Let $\alpha \in \R_{\gt 0}$.

Let $\norm{\,\cdot\,}:\Q \to \R$ be the mapping defined by:

$\forall x \in \Q: \norm{x} = \size {x}^\alpha$

where $\size {x}$ is the absolute value of $x$ in $\Q$.

Then:

$\norm{\,\cdot\,}$ is a norm on $\Q$ if and only if $\,\,\alpha \le 1$


Proof

Necessary Condition

The contrapositive is proved.

Let $\alpha \gt 1$.

The norm axiom (N3) (Triangle Inequality) is not satisfied:

\(\displaystyle \norm {1 + 1}\) \(=\) \(\displaystyle \size {1 + 1}^\alpha\)
\(\displaystyle \) \(=\) \(\displaystyle 2^\alpha\)
\(\displaystyle \) \(\gt\) \(\displaystyle 2\) Real Power Function on Base Greater than One is Strictly Increasing
\(\displaystyle \) \(=\) \(\displaystyle \size{1}^\alpha + \size{1}^\alpha\)
\(\displaystyle \) \(=\) \(\displaystyle \norm{1} + \norm{1}\)

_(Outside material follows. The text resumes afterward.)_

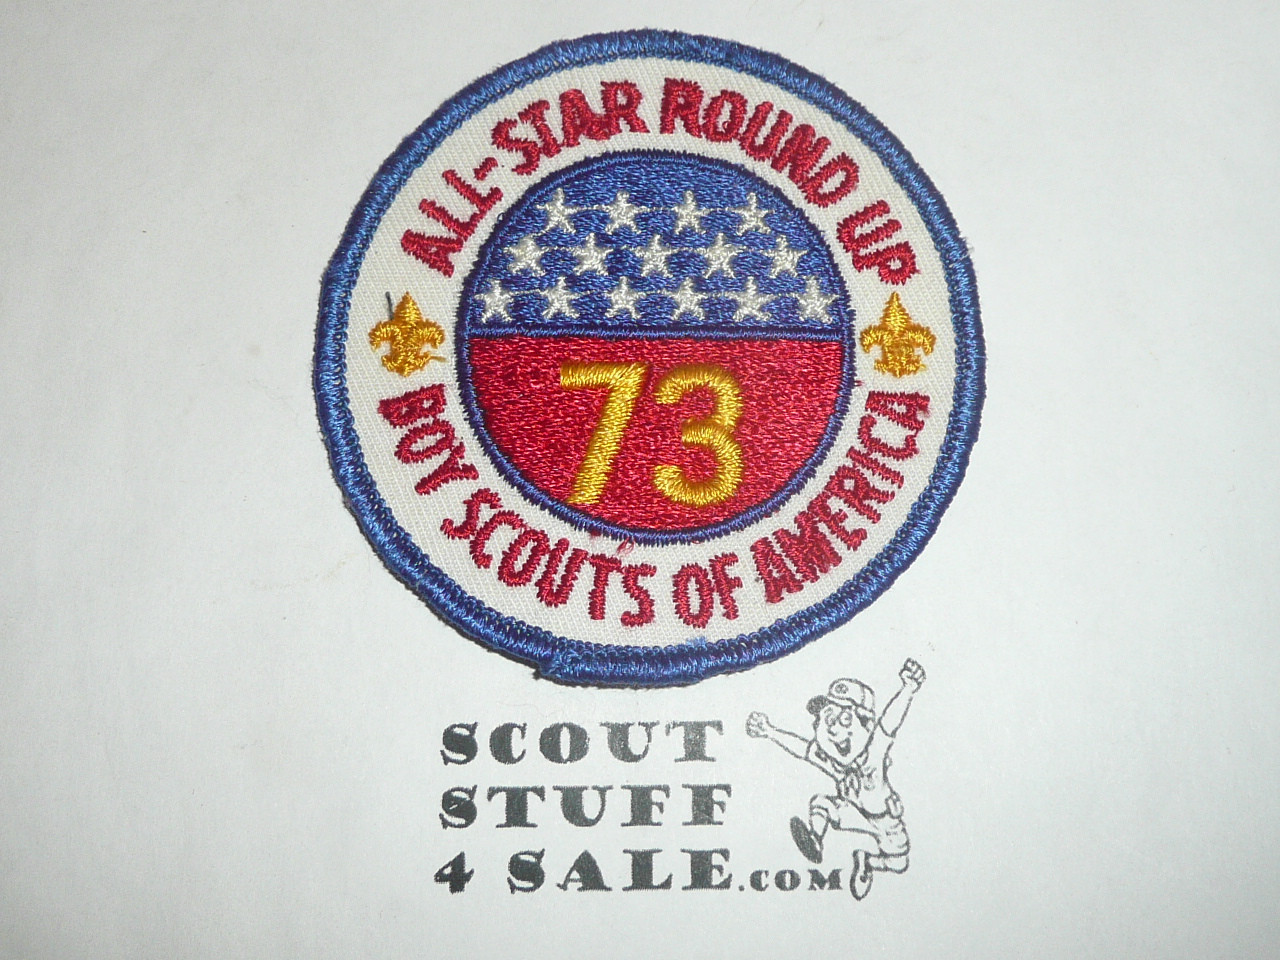 1973 All Star Round-up Patch, Generic BSA issue

By Rule of Transposition the result follows.

$\Box$

Sufficient Condition

Suppose $\alpha \le 1$.

It is shown that $\norm{\,\cdot\,}$ satisfies the norm axioms (N1)-(N3).

(N1) Positive Definiteness

Let $x \in \Q$.

\(\displaystyle \norm {x} = 0\) \(\iff\) \(\displaystyle \size {x}^\alpha = 0\) Definition of $\norm{\,\cdot\,}$
\(\displaystyle \) \(\iff\) \(\displaystyle \size {x} = 0\) Definition of $a$ to the power of $r$ for $a \in \R_{\ge 0}$ and $r \in \R_{\gt 0}$
\(\displaystyle \) \(\iff\) \(\displaystyle x = 0\) Absolute Value is Norm and norm axiom (N1) (Positive Definiteness)

$\Box$

(N2) Multiplicativity

Let $x, y \in \Q$.

Then:

\(\displaystyle \norm {x y}\) \(=\) \(\displaystyle \size {x y}^\alpha\) Definition of $\norm{\,\cdot\,}$
\(\displaystyle \) \(=\) \(\displaystyle \paren {\size {x} \size {y} }^\alpha\) Absolute Value is Norm and norm axiom (N2) (Multiplicativity)
\(\displaystyle \) \(=\) \(\displaystyle \size {x}^\alpha \size {y}^\alpha\) Power of product
\(\displaystyle \) \(=\) \(\displaystyle \norm {x} \norm {y}\) Definition of $\norm{\,\cdot\,}$

$\Box$

(N3) Triangle Inequality

Let $x, y \in \Q$.

Without loss of generality let $\norm y \lt \norm x$.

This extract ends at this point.